● PROBLEM REQUIREMENTS
An exact copy of the data below is needed; please leave out any pictures.

● RECORDS SUPPLIED
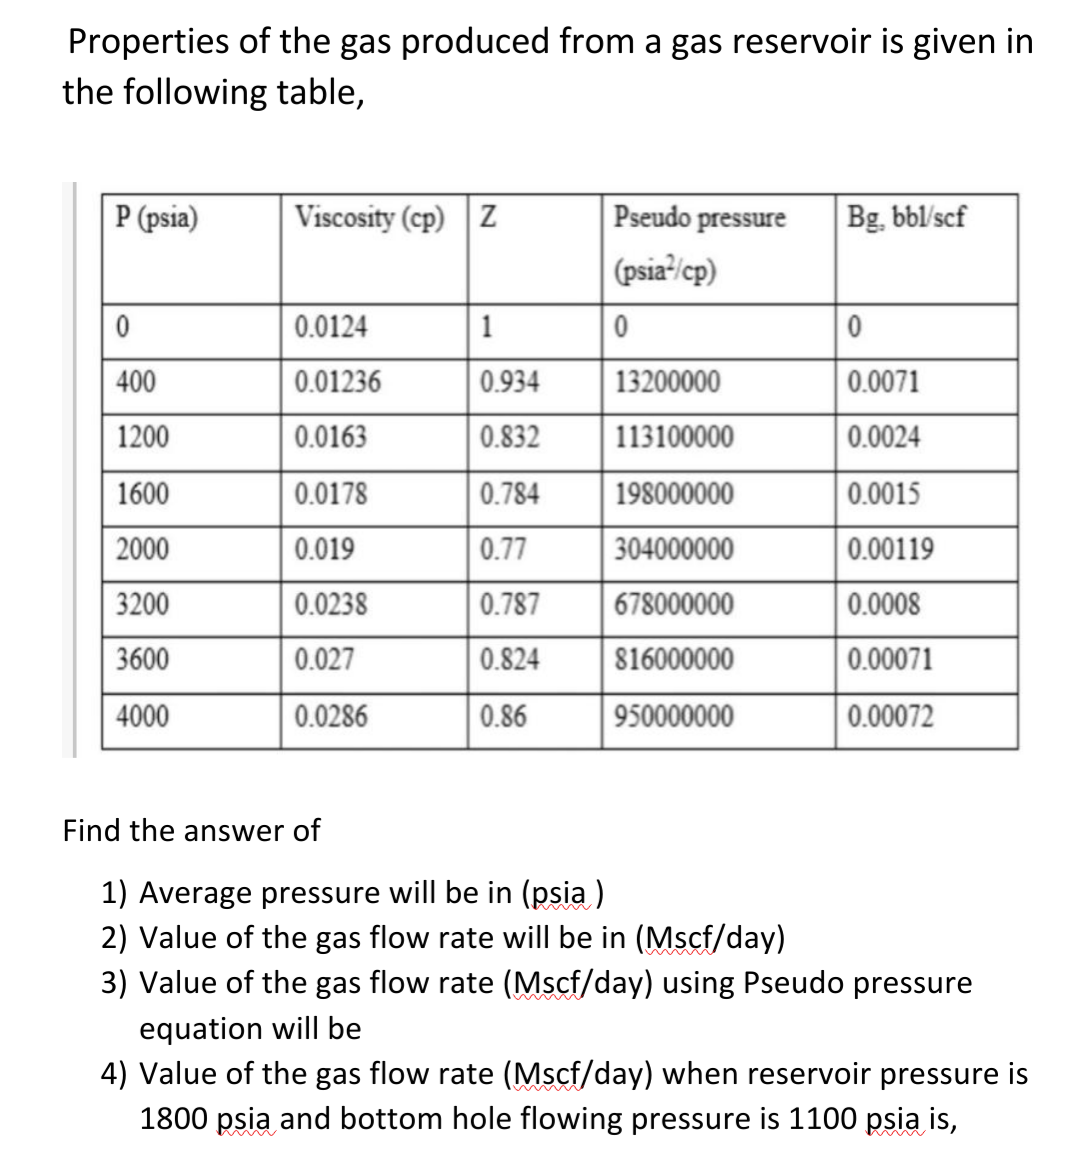 Properties of the gas produced from a gas reservoir is given in
the following table,
P (psia)
Viscosity (cp) Z
Pseudo pressure
Bg, bbl/scf
(psia"/cp)
0.0124
1
400
0.01236
0.934
13200000
0.0071
1200
0.0163
0.832
113100000
0.0024
1600
0.0178
0.784
198000000
0.0015
2000
0.019
0.77
304000000
0.00119
3200
0.0238
0.787
678000000
0.0008
3600
0.027
0.824
816000000
0.00071
4000
0.0286
0.86
950000000
0.00072
Find the answer of
1) Average pressure will be in (psia )
2) Value of the gas flow rate will be in (Mscf/day)
3) Value of the gas flow rate (Mscf/day) using Pseudo pressure
equation will be
4) Value of the gas flow rate (Mscf/day) when reservoir pressure is
1800 psia and bottom hole flowing pressure is 1100 psia is,

● SOLUTION
 Properties of the gas produced from a gas reservoir is given in
the following table,
P (psia)
Viscosity (cp) Z
Pseudo pressure
Bg, bbl/scf
(psia"/cp)
0.0124
1
400
0.01236
0.934
13200000
0.0071
1200
0.0163
0.832
113100000
0.0024
1600
0.0178
0.784
198000000
0.0015
2000
0.019
0.77
304000000
0.00119
3200
0.0238
0.787
678000000
0.0008
3600
0.027
0.824
816000000
0.00071
4000
0.0286
0.86
950000000
0.00072
Find the answer of
1) Average pressure will be in (psia )
2) Value of the gas flow rate will be in (Mscf/day)
3) Value of the gas flow rate (Mscf/day) using Pseudo pressure
equation will be
4) Value of the gas flow rate (Mscf/day) when reservoir pressure is
1800 psia and bottom hole flowing pressure is 1100 psia is,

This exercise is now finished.